Я встал, набросил на плечи плащ, пройдя через спящий дом, пересек мокрый двор и оказался у церкви. Толкнув дверь, я вошел. Монахи стояли на коленях перед алтарем, и я шагнул к ним.
«Мерлин!» — пробежал шепот. Несколько монахов обернулись. Я встал. Урбан торопливо подошел, стуча сандалиями по каменному полу.
— Не думал, что ты придешь, и уже собирался за тобой посылать.
— В голосе его звучала тревога.
— Ну вот, я здесь.
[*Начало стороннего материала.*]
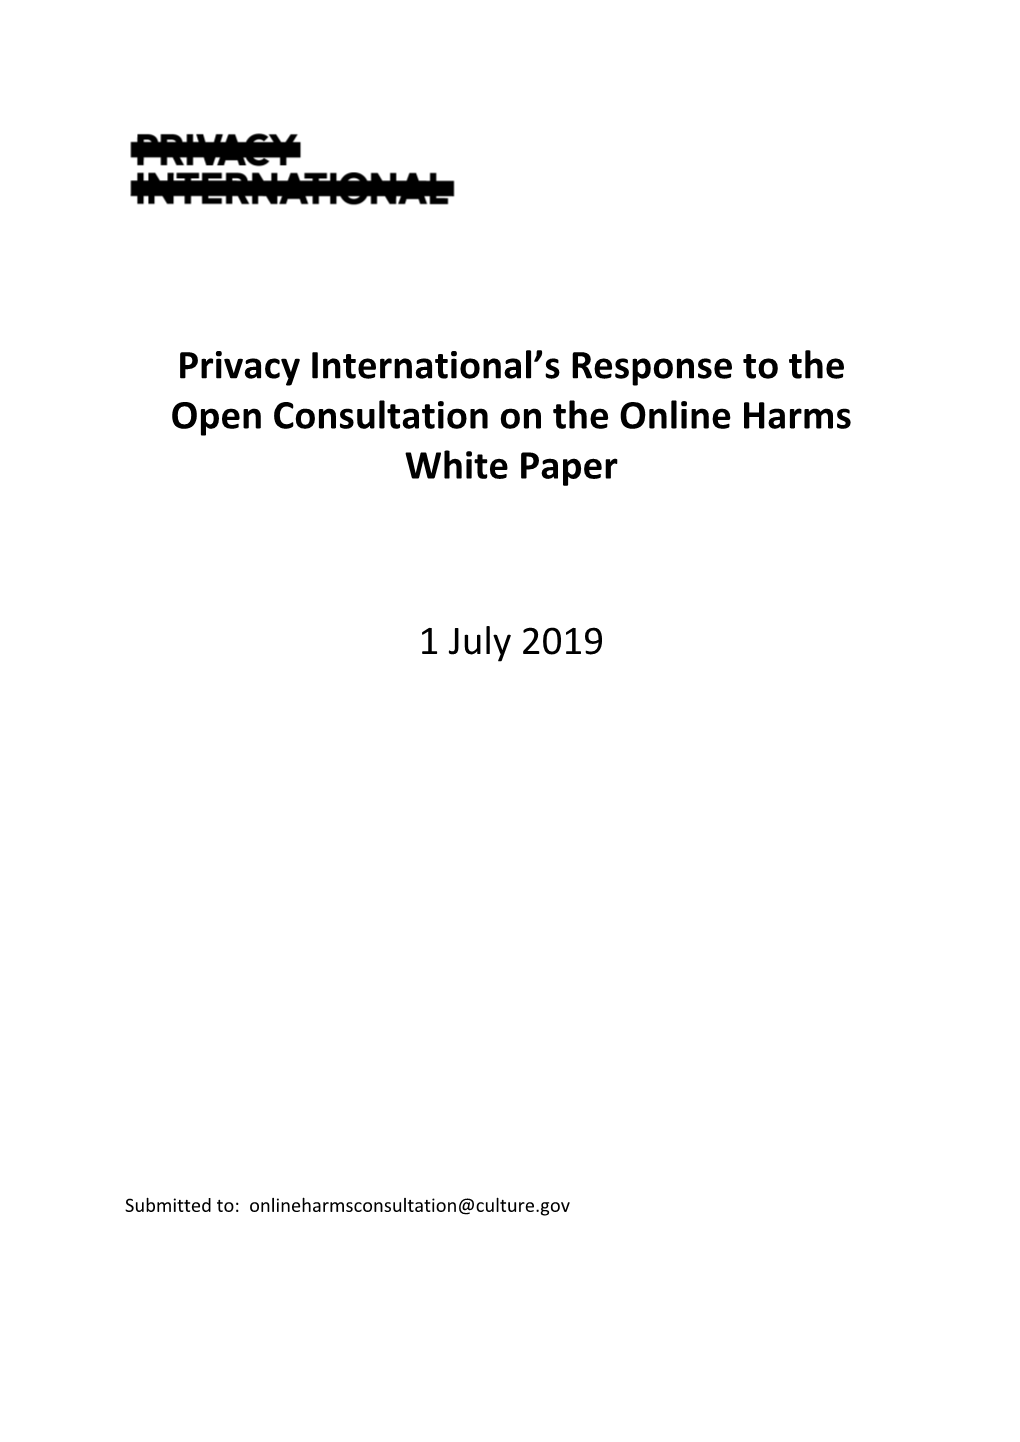 Response to the Open Consultation on the Online Harms White Paper

Что случилось?
— Давид, — отвечал он. — Идем, я тебя отведу.
Урбан провел меня через внутренний дворик к кельям. Возле одной толпились монахи. Они раздвинулись, пропуская нас, и Урбан провел меня в помещение. Келью освещал подсвечник, который обычно стоит на алтаре. Давид лежал на свежей соломе; когда я вошел, он улыбнулся и приветственно поднял руку. Гвителин стоял рядом на коленях и молился; он поднял ко мне печальное лицо, и я понял, что Давид умирает.
— Ах, Мирддин, ты пришел. Хорошо. Я надеялся тебя увидеть.
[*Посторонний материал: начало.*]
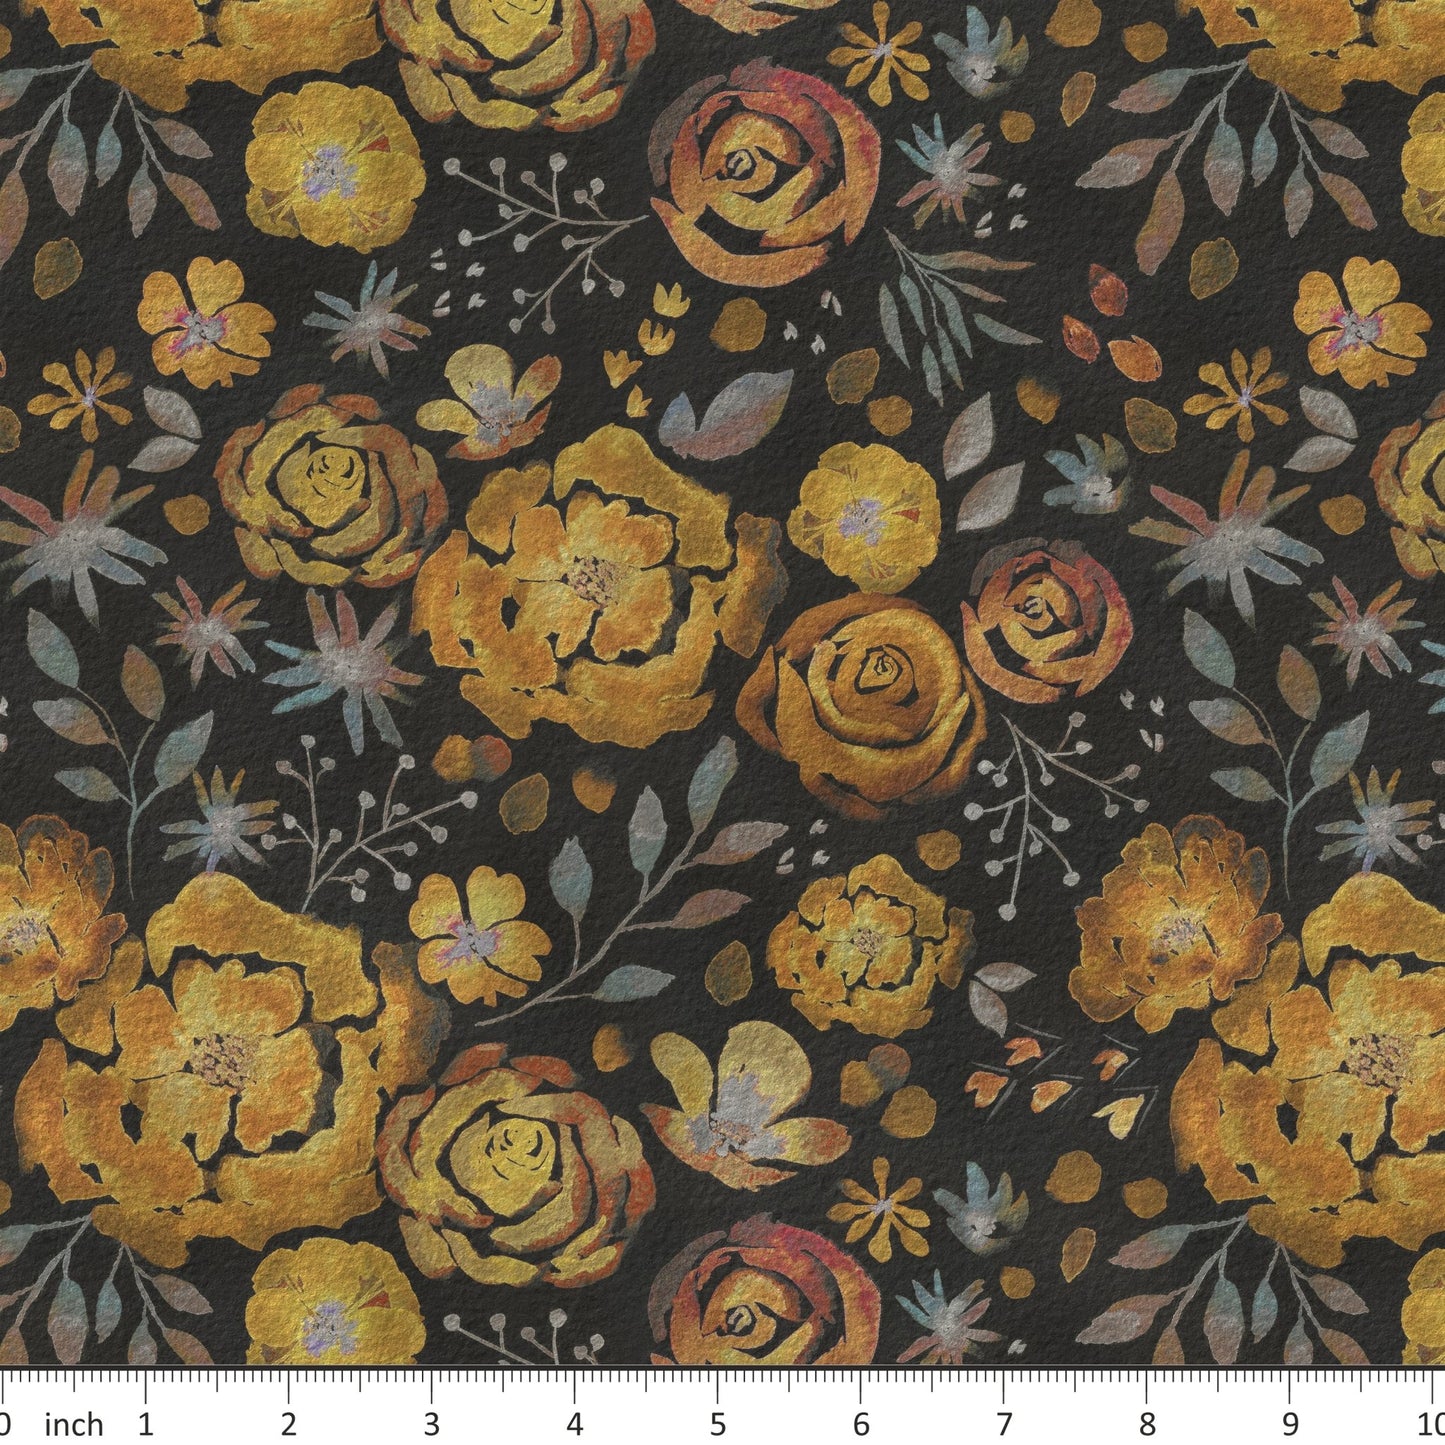 Tatra Cottage - Earthy Autumn Floral - Little Rhody Sewing Co.

Я опустился на колени рядом с Гвителином, сердце в груди сжалось.
— Давид… — начал я и осекся. Куда девались слова?
— Ш-ш-ш, — произнес Давид, — я хотел тебя поблагодарить.
— Меня? — Я мотнул головой.
— За то, что дал мне увидеть будущее, малыш. — Для него я снова был учеником, а он учителем. Все вернулось туда, откуда пошло. — Прошлой ночью мне приснился сон, дивный и страшный: я видел, как Аврелий сдерживает натиск черной бушующей бури. Его бросило наземь, сорвало с него плащ, но земля оказалась прахом, и рука его нащупала меч. Схватив рукоять, он обрел силу и поднялся, сжимая в руке клинок. Блеснула молния, гром разорвал небеса. Аврелий — я узнал его по золотой гривне — поднял меч и застыл, как скала.
— Поистине, сон этот вещий, — сказал я, беря его за руку.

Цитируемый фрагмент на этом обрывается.